I always felt I was on display. At night my thick hair, after being curled, was wrapped in brown paper so I would have Shirley Temple curls in the morning. What was a black girl doing with Shirley Temple curls anyway? Well, Shirley Temple was the biggest star in the world when I was little, universally adored. So why shouldn't I look like her? It didn't occur to me that we were different because of race. My elementary school was integrated, with Jewish, Italian, Hispanic, and black children. It wasn't until junior high school that the kids took offense at my formal way of dressing. To some extent, I was a snob. That's what my parents wanted me to be. “Carol Diann,” my mother would croon as she fawned over me, “let's try to do better than that!” Across the street from our brownstone, people spilled out of an apartment building at all hours of the night. Children hung out on the corners and played loud games of tag, which my mother forbade me from joining. “Such a waste of time,” she'd say. Homework was to be done right away, piano lessons at Mrs. Carmen Shepherd's Music School on Convent Avenue were relentless for eight years. Learning music was valued among the strivers of our community, and even in the poorer homes, you'd find a piano among the furniture.
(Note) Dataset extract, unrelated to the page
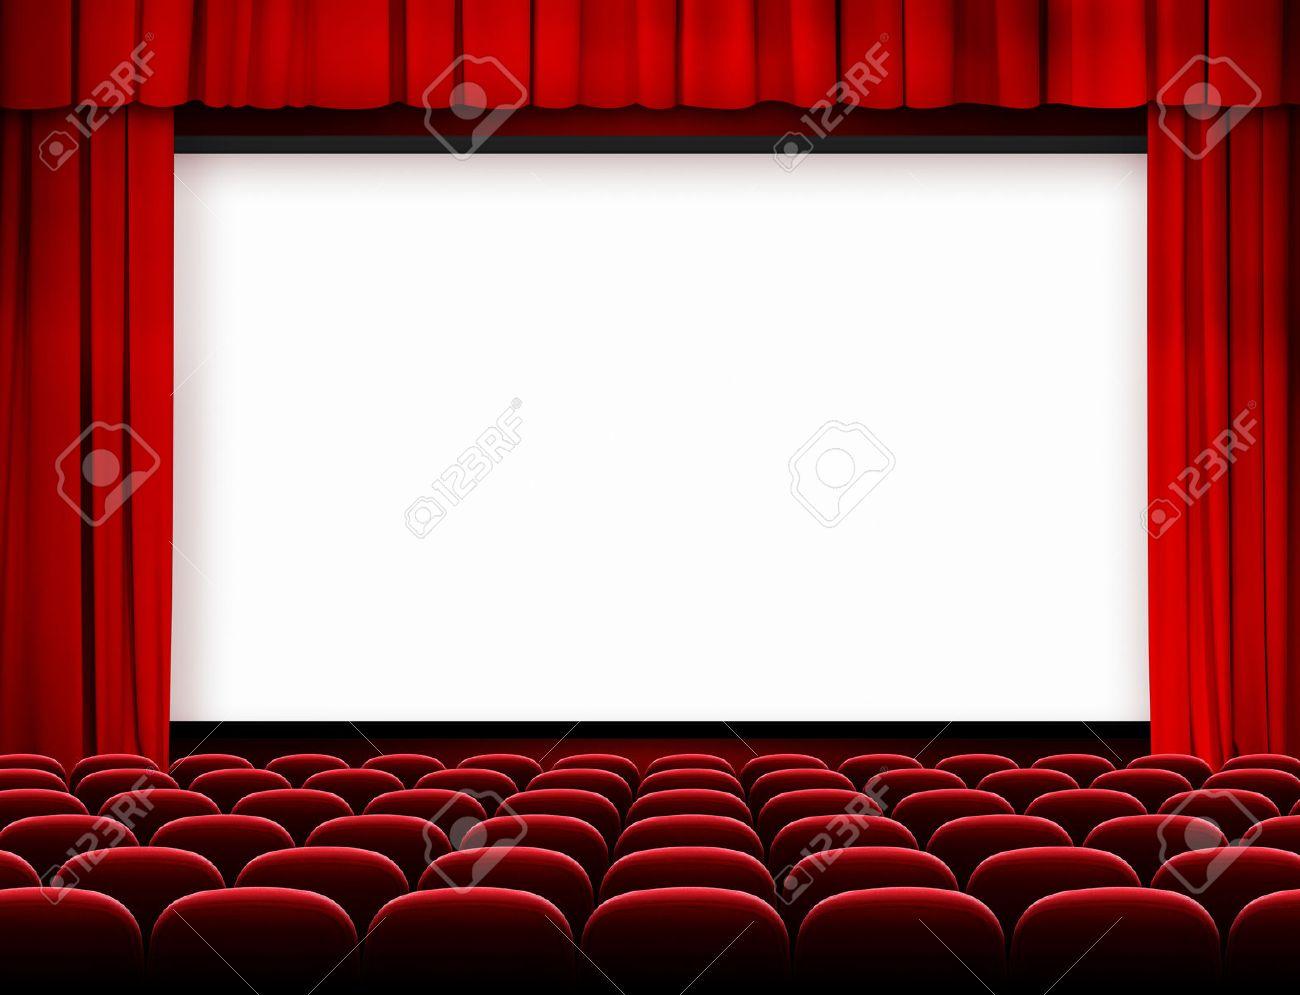 pantalla de cine con cortinas rojas y asientos foto de archivo

Hard as we worked, my mother (who helped my father manage his rental property when he was working as a subway
conductor) found time for the kind of fun she thought would enrich me. Sometimes, on weekends, we'd take a break to see a puppet show or circus, or even take in a Broadway play from balcony seats. A high point was seeing Ethel Merman in
Annie Get Your Gun
. Her voice and confidence onstage were just awe-inspiring. I reveled in the spectacle. The heavy burgundy curtains hung in an ornate and gilded theater full of well-dressed white people. The lights went down and a spotlight would hit the orchestra leader in the pit. My heart swelled with the music. And when the curtains rose on sets so elaborate they took my breath away, it was hard to believe that the performers were real. But they were. Even if they weren't in shows with elaborate costumes, I marveled at how an actress could just take the stage, open her mouth, and, without so much as a microphone, fill a theater with a song. I was lucky that my mother liked attending the theater so much. She made me feel at home there. Maybe too much at home. One time, she took me to see
The Voice of the Turtle,
which she assumed from the title would be a light, funny children's show. In actuality, John Van Druten's play was very adult, and included scenes of a black serviceman on leave employing prostitutes. Instead of pulling me out, Mother watched with me and, when it was over, told me, “Let's not mention this to your father.” I have to laugh at this memory today because the prudish views she maintained her whole life—sex was not to be discussed ever—were always an issue for me.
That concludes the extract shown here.